1
16.01.15r. Sobota 22:17
Dzisiaj było jak zwykle. Wstałem, poszedłem pobiegać, umyłem się, poszedłem do szkoły. Nie chciałem denerwować ojca, dlatego wyszedłem, zanim wstał. Często tak robię.
Czasami chciałbym mieć normalny dom. Kochającą rodzinę. Pomarzyć przecież mogę. Mam już 18 lat, jestem w drugiej liceum, o czym ja myślę. Marzenia się nie spełniają, więc po co marzyć.
Kiedy widzę jak ojciec pije, albo przyprowadza jakąś dziwkę to chcę mi się płakać. Nauczyłem się, że nie ma po co podchodzić. No chyba, że po kolejnego siniaka, jest silniejszy, nie dam mu nigdy rady. Jestem słaby.
Najbardziej szkoda mi mojej mamy. Widzi jak ojciec pije, sprowadza kolejne dziwki na jedną noc i nic. Jest coraz słabsza, ale udaje że ją to nie rusza. To nie prawda, że kobiet są słabe, są silne, ale naiwne. Nie wiem czy ona go kocha. Być może, ale nie wiem. Ale jak można kochać osobę, która pije dzień w dzień.

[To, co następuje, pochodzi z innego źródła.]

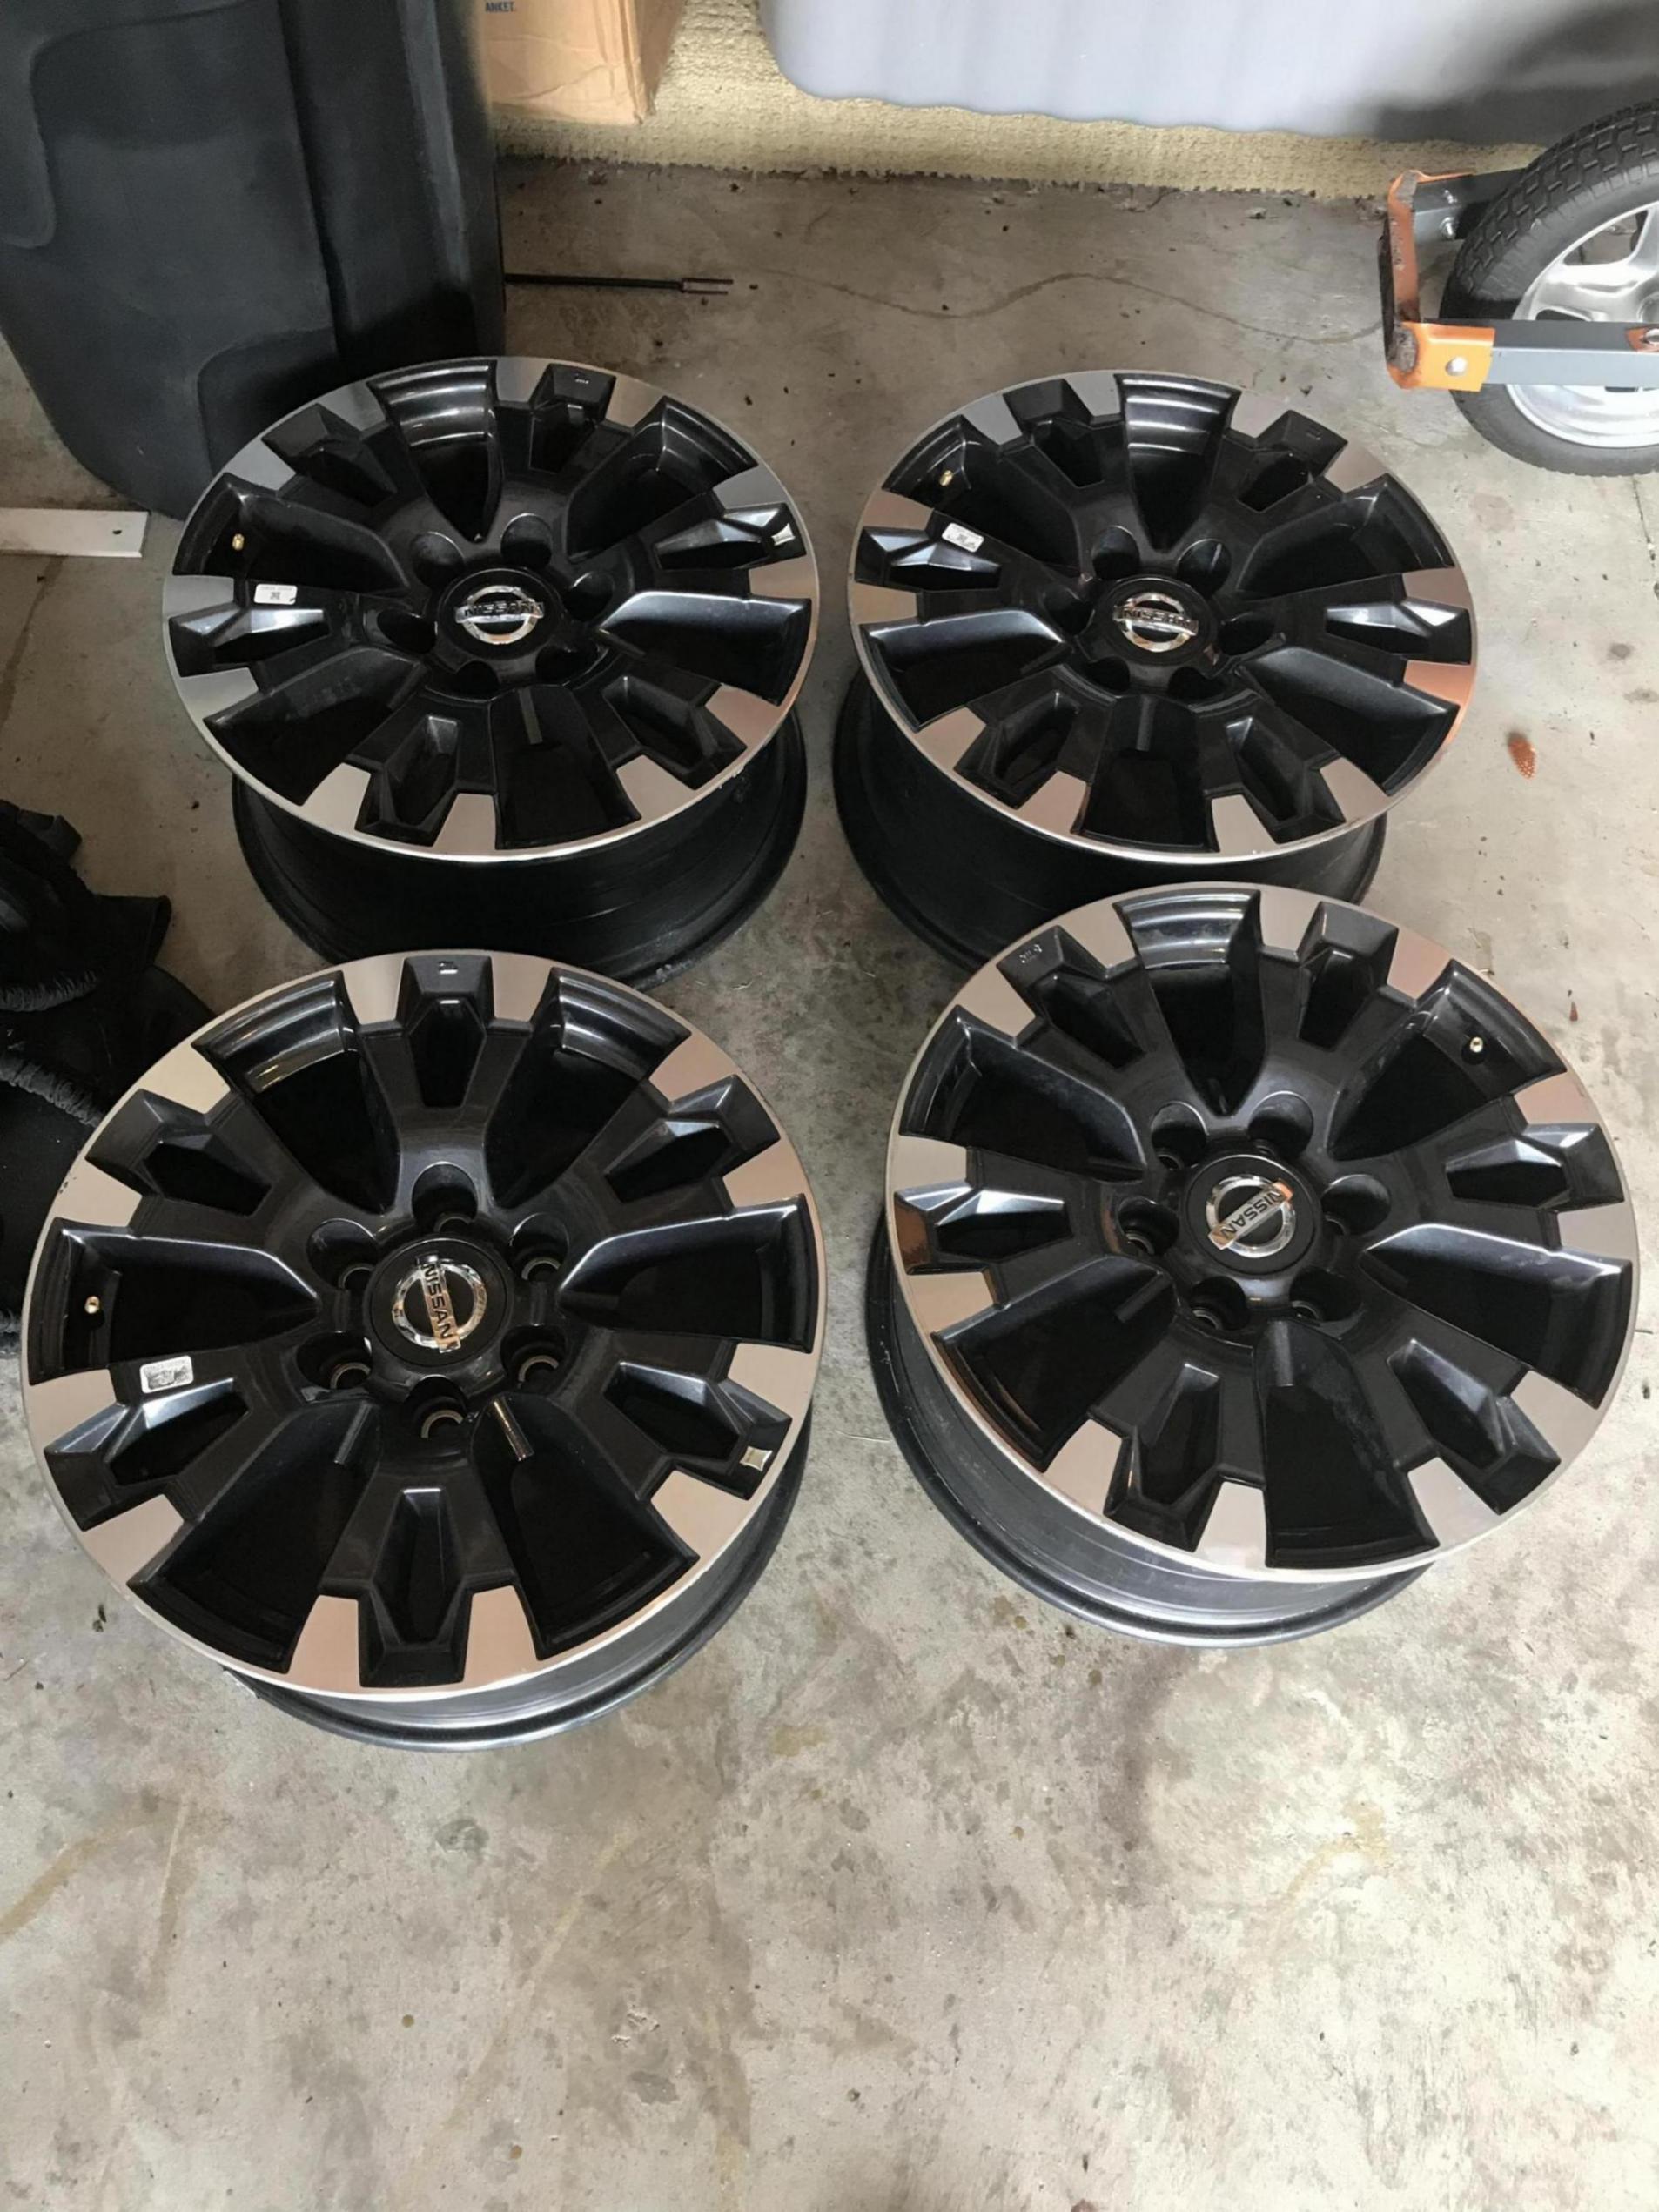 Titan stuff for sale-19401019-9bf6-49b7-919b-b755c26f9835_1560963361238.jpg

Może zacznę od początku. Nazywam się Zayn Malik, a to mój dziennik (pamiętnik tak dziecinnie brzmi, a tu nie będą zapisywane dziecinne myśli). Jest to mój pierwszy wpis. Muszę gdzieś przelewać swoje myśli, nie mogę powiedzieć o mojej sytuacji nawet przyjaciołom. Kogo ja oszukuje. Nie mam prawdziwych przyjaciół, przekonałem się o tym nie raz.
Dzisiaj było w miarę spokojnie. Ojciec nie uchlał się do nieprzytomności, a to dobrze. Nie widziałem, ani nie słyszałem płaczu mamy. Jest już po 22, a nadal jej nie słyszę, to dobrze. Ostatnio i tak dużo płakała, niech odpocznie.
Dzisiaj nie płakałem, nie miałem powodu. A może i miałem, ale mnie to nie ruszyło. Ojciec znowu mnie zwyzywał, kiedy był już po trzech piwach zobaczył jak mama zmywa naczynia. Zaczął krzyczeć i rzucać pustymi puszkami jaki ja to beznadziejny i niewychowany. No przecież takiego bękarta jak ja nawet nie warto trzymać. Jeszcze trochę i się wyprowadzę. Muszę pójść do pracy. Mam go dosyć.